On the other end of the spectrum, Murdock continues to be a stick in the ass of everyone acting as the Daredevil. When he discovers that particularly nervous juror has a sex tape she doesn’t want leaked, he intimidates a lowly thug into leaving town and ditching the idea of blackmailing her in an instant – again because he’s scared of getting in the way of Kingpin, or anyone related to Kingpin. This is one of the very few Daredevil-focused scenes in the episode, but it works well, and the fighting is as quick and crisp as ever. In particular, I like how Murdock escapes by just punching the thug in the face then running. No magic puffy smoke or other weird way to disappear, he’s an extremely life-like hero, even when escaping a situation.

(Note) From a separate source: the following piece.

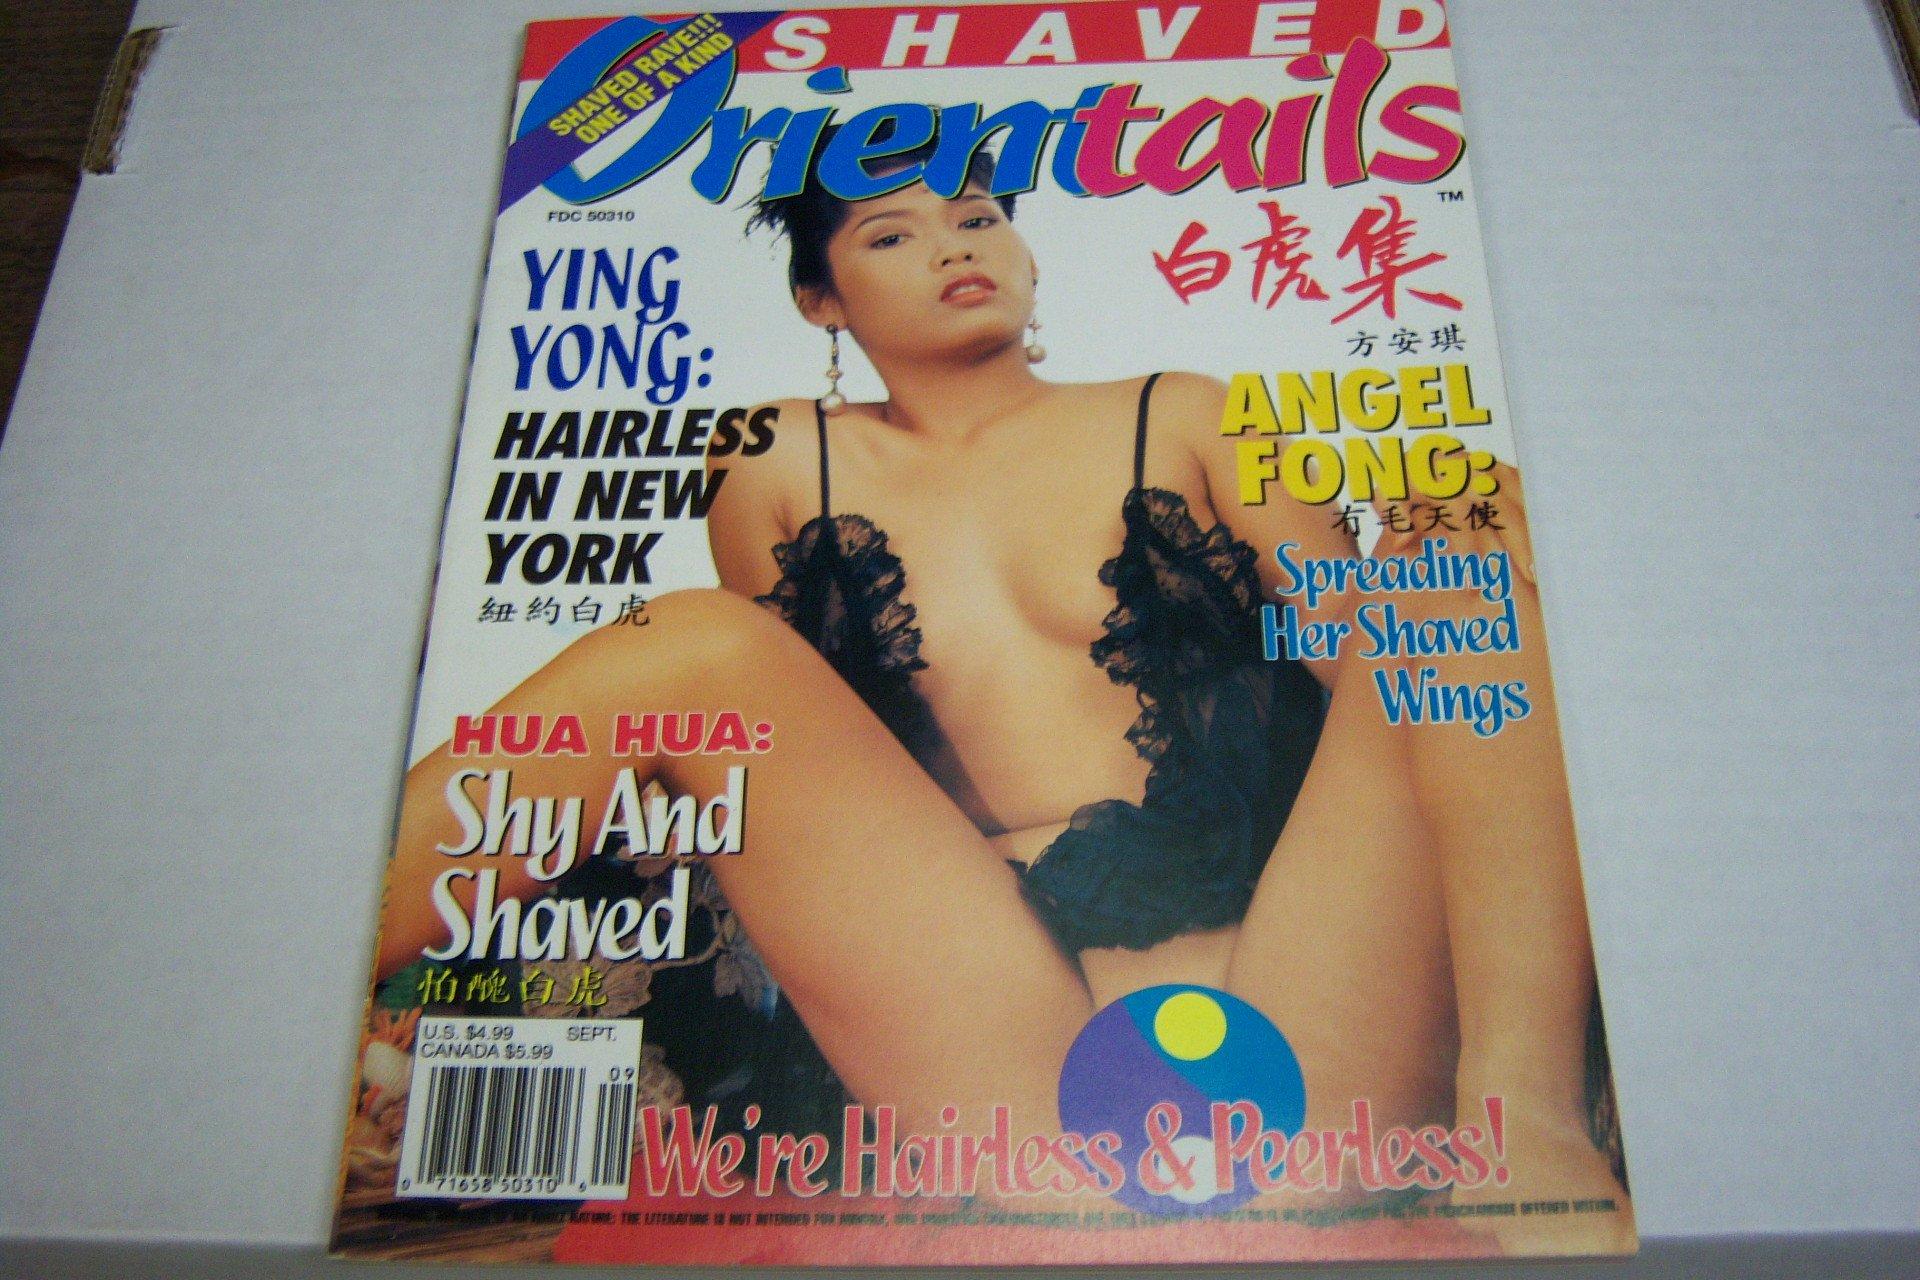 congratulate, brilliant idea japanese mom found erotic book in table with you

While a lot of the episode does focus on Murdock for obvious reasons, I’m really liking the characterization of Foggy. In particular, I really like that he’s a total goofball weirdo outside of the courtoom, but when he’s working, he’s someone you could take seriously as a lawyer. This is a crucial step a lot of similar characters in similar shows miss on when it comes to creating a fun character with a serious job, but Daredevil nails it.
This all leads up to the big dramatic entrance of Kingpin into the world of Daredevil. As is the rest of his build up, his reveal is mysterious and full of tension. Nothing violent actually happens, but with all the lead up to how ruthless and murderous he is, I was expecting the white painting he was viewing to be covered red soon enough. Now that the (presumably) main villain of the show is on board, and we’ve seen just about every aspect of Matthew Murdock we can, I’m excited to see where the show goes from here. Enough set up, time to get into the nitty gritty of defending Hell’s Kitchen.